- Born: 18 June 1920 Madras, India
- Origin: Madras, India
- Died: 12 September 2004 (aged 84) Kolkata, India
- Genres: Hindustani classical music, Semi classical music,
- Occupation: Vocalist
- Years active: 1935–2004

= Arkut Kannabhiran =

Arkut Kannabhiran (18 June 1920 – 12 September 2004), more popularly known as A. Kanan, was an Indian vocalist in the Hindustani classical tradition and one of the legendary vocalist from Kirana Gharana. He is known for the khayal form of singing to which he lent his individuality.

==Early life==
Arkut Kannabhiran was born in Madras (present-day Chennai), in 1920. As he grew up he was interested in cricket as well as singing.

He began his professional career joining the railways at the age of 18. In his 20s, while in Bombay (present-day Mumbai) for a cricket match, he auditioned for the All India Radio station there. The auditioners were so impressed by his singing voice that they offered him a slot of air time. His job saw him posted at Hyderabad and here he began taking lessons in Hindustani classical music from Pandit Lahanu Babu Rao. Shortly after, he got transferred to Calcutta (now Kolkata) where he studied music with Girija Shankar Chakraborty. Subsequently, when his job required his transfer from Kolkata, he left the job and stayed on in the city. He later came in contact with the musician Amir Khan.

==Career==
Arkut Kannabhiran made his formal debut in the world of Hindustani style of classical vocal music in 1943, when he performed at the All Bengal Music Conference in Kolkata. It was during his stay at Calcutta that he earned a name for himself by his melodious voice and personal style of gayaki that he developed. With greater acclaim he came to be better known as Pandit A.T. Kanan, with people not remembering him by his original name.

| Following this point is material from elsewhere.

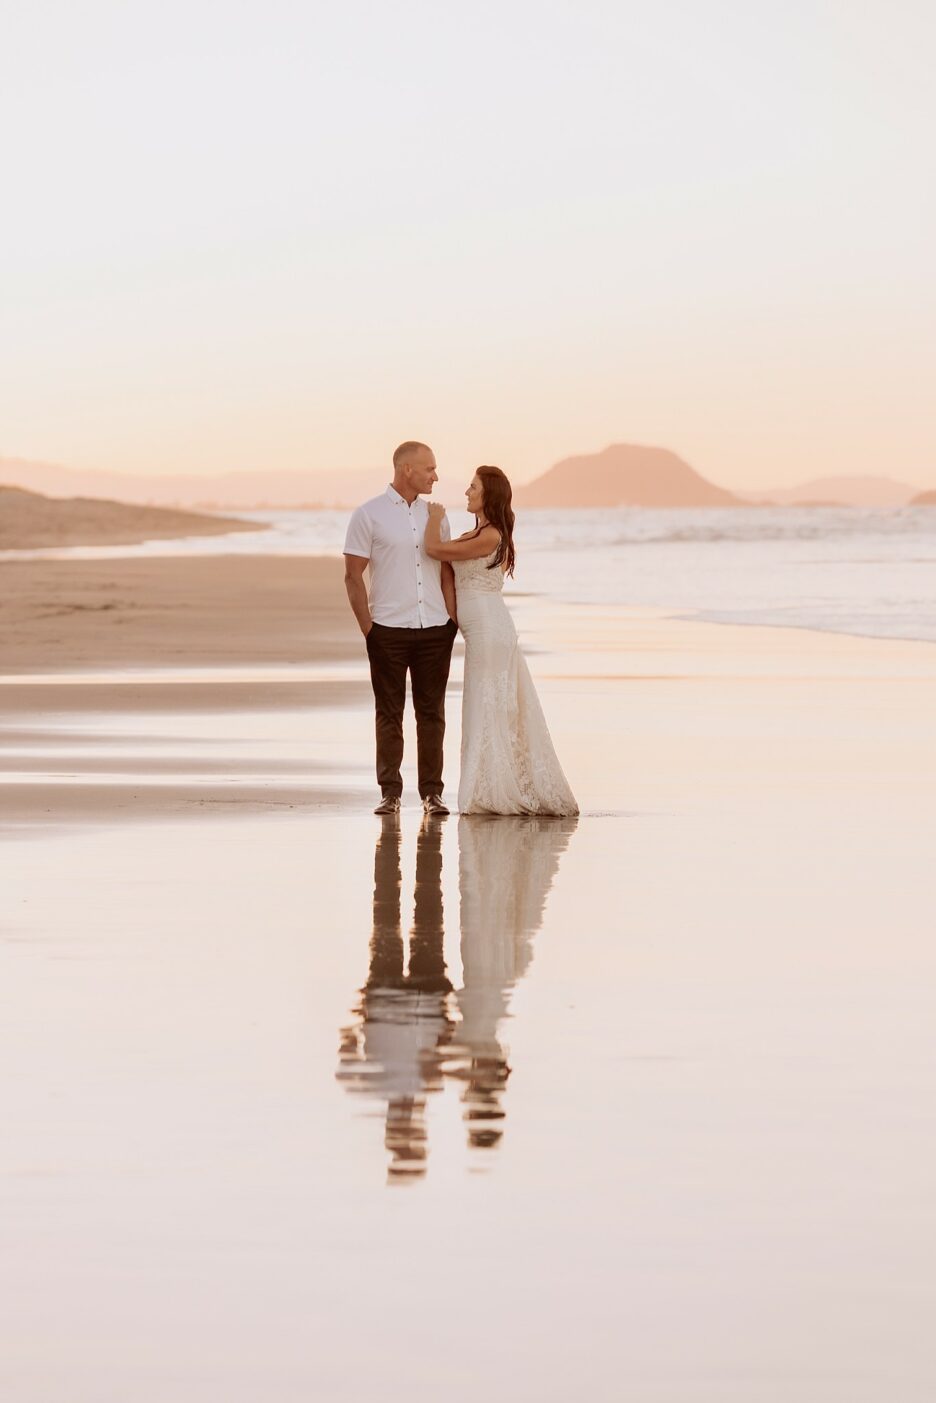 beach wedding photography with reflections in water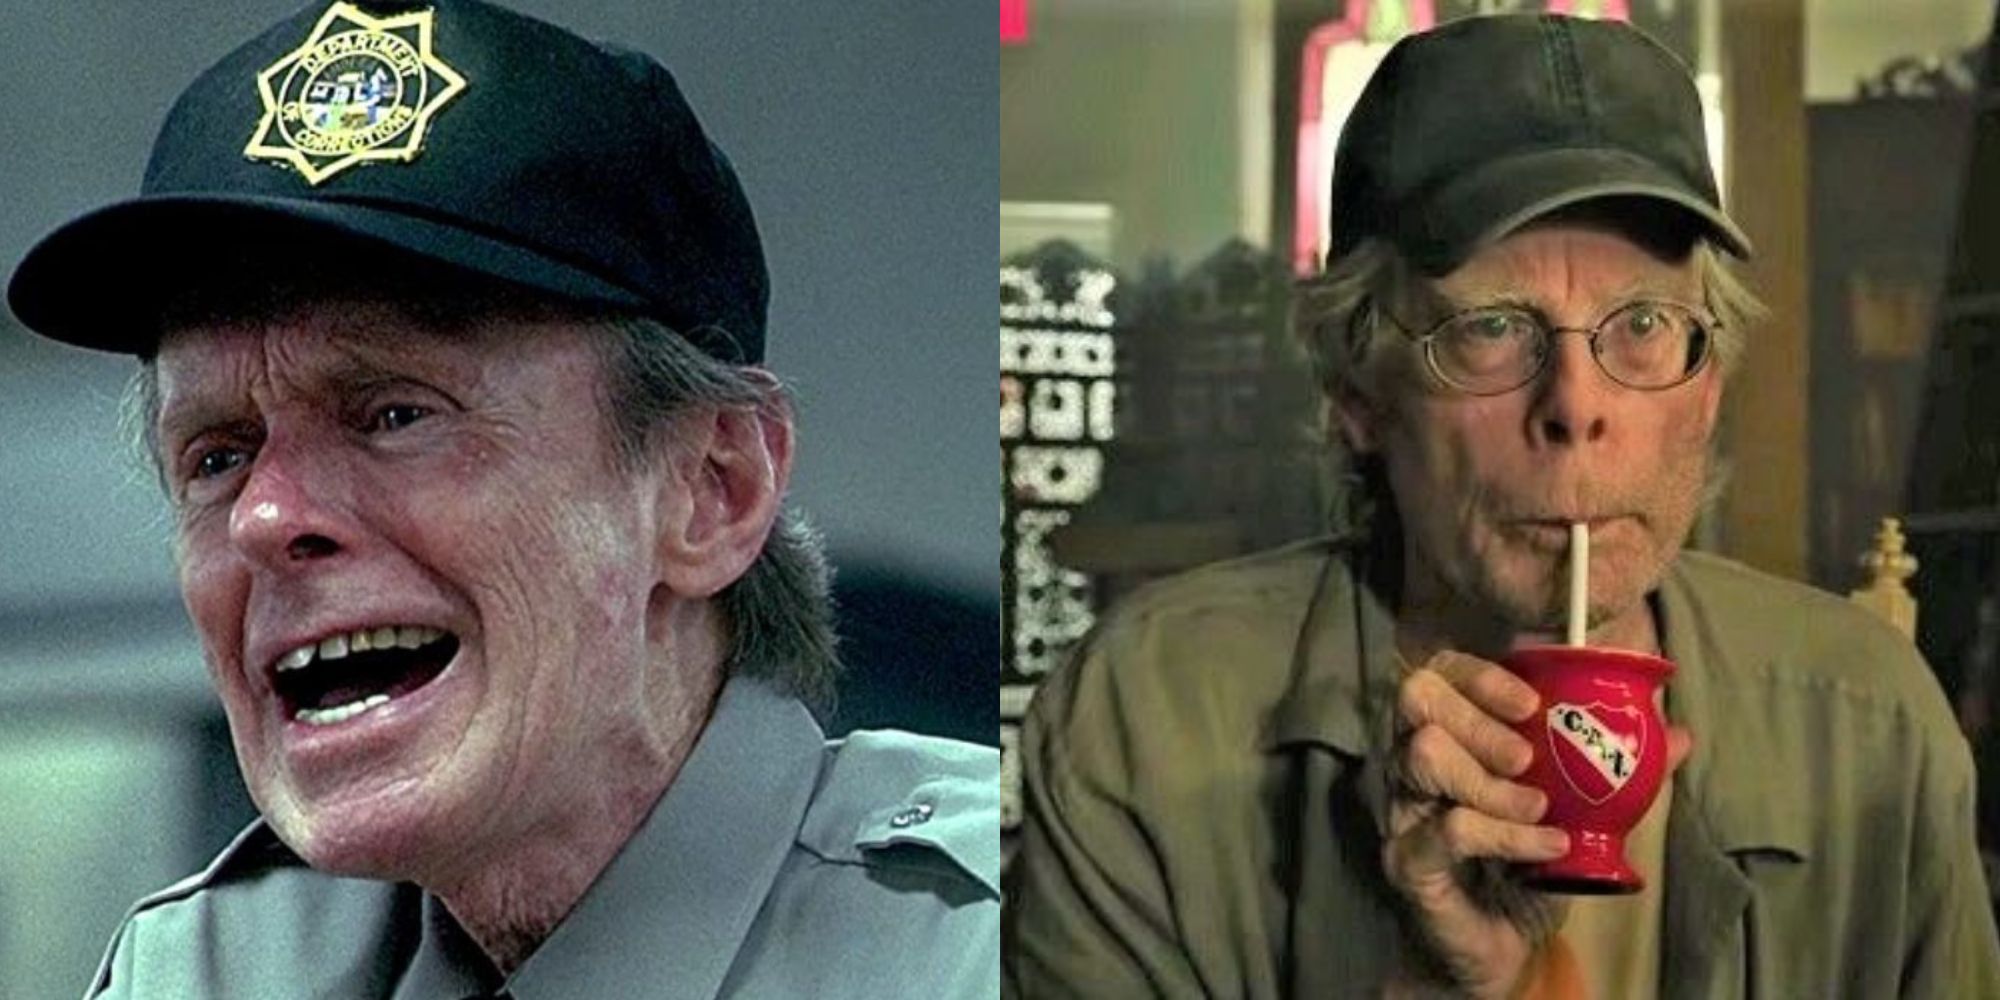 Split image showing Hubert Selby Jr. in Requiem for a Dream and Stephen King in IT Chapter 2.

Kanan went on to become a regular on the All India Radio and was among the highest graded artists. His khayal renditions in Raga Jog, Rageshri, Bihag and Hansadhwani became popular across the country. The acclaimed Bengali filmmaker Ritwik Ghatak used his fast khayal "Laagi Lagan Pati Sakhi Sang" set in Raga Hansadhwani in his classic film Meghe Dhaka Tara. Today not many of Kanan's recordings survive.

In the 1950s, along with other musicians, Kanan founded the Calcutta Music Circle. Several young students had the opportunity of learning Hindustani classical music from him and went on to make names for themselves in later lives.

He was a Guru at ITC Sangeet Research Academy.

==Personal life==
He was married to Malabika Kanan, another acclaimed Hindustani vocalist of the time.

==Death==
Arkut Kannabhiran died in 2004, aged 84, at Kolkata.